- Developer: Sega
- Publisher: Sega
- Series: Zaxxon
- Platform: Master System
- Release: JP: November 7, 1987; EU: November 1987; NA: March 1988;
- Genre: Shoot 'em up
- Mode: Single-player

= Zaxxon 3-D =

1987 video game

Zaxxon 3-D is a 1987 video game published by Sega for the Master System console. It is based on Sega's 1982 arcade game, Zaxxon.

==Gameplay==
Zaxxon 3-D is a game in which the player navigates a Zaxxon craft through the nine levels built into the Vargan Space Fortress, using the SegaScope 3-D Glasses connected to the game system.

==Release==
In October 1993, Atari Corporation filed a lawsuit against Sega for an alleged infringement of a patent originally created by Atari Corp. in the 1980s, and Atari sought a preliminary injunction to stop manufacturing, usage, and sales of hardware and software for the Sega Genesis and Game Gear.

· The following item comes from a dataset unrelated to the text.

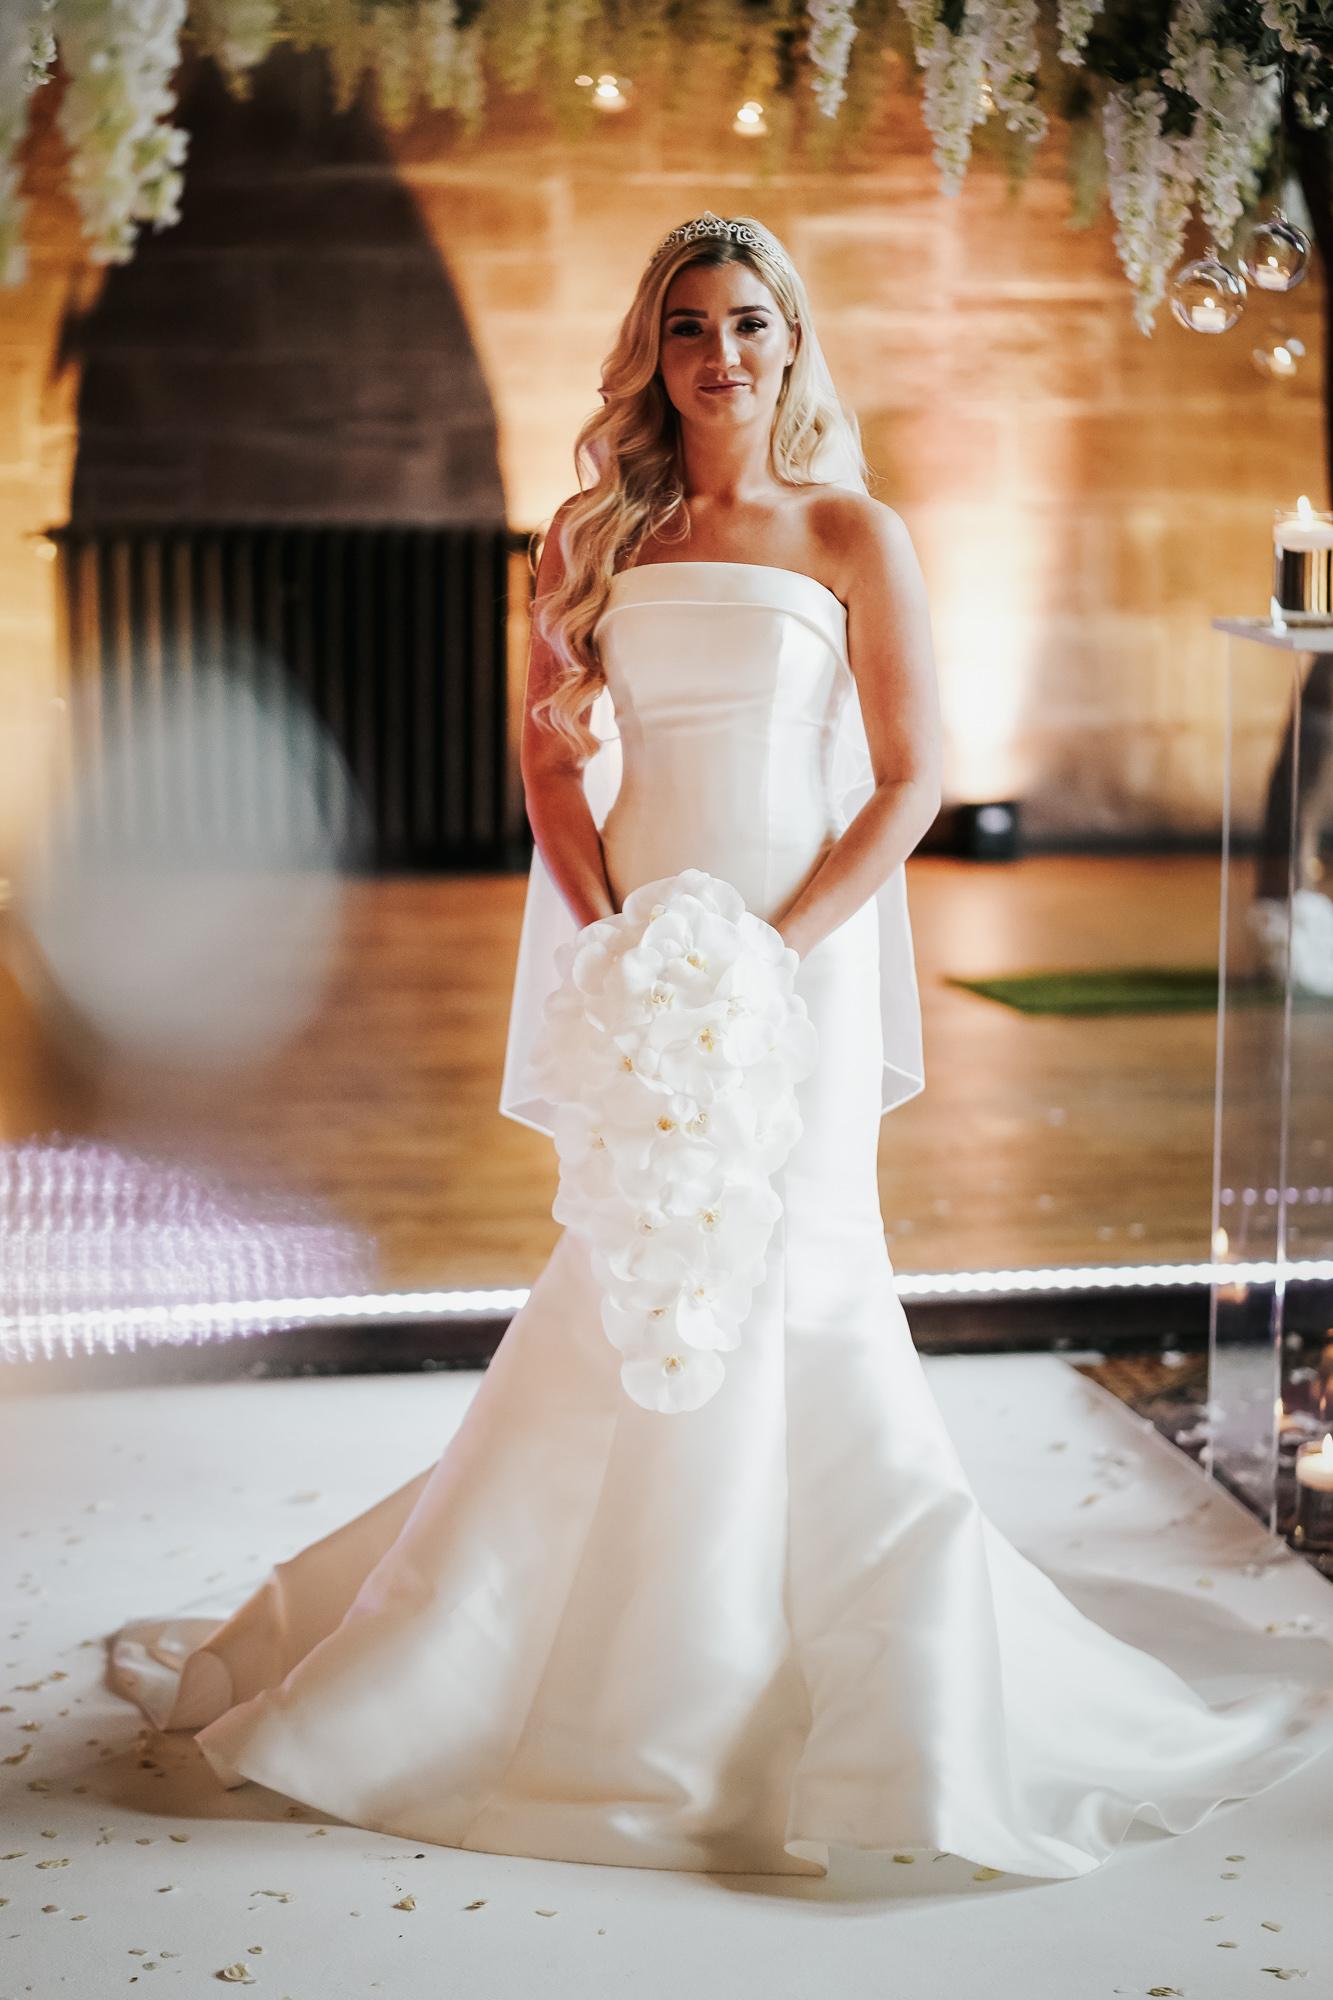 Peckforton Castle wedding photography cheshire wedding photographer (27 of 57).jpg

On September 28, 1994, both parties reached a settlement involving a cross-licensing agreement to publish up to five games each year across their systems until 2001. Zaxxon 3-D was one of the first five games approved from the deal by Sega in order to be converted for the Atari Jaguar, but it was never released.

==Reception==
Bill Kunkel reviewed the game for Computer Gaming World, and stated that "words cannot adequately describe the sensations one experiences while playing this game. Though other arcade games have tried to duplicate an illusion of depth, they all comes short of the mark. Zaxxon 3-D serves up the real thing, in a format familiar to most gamers".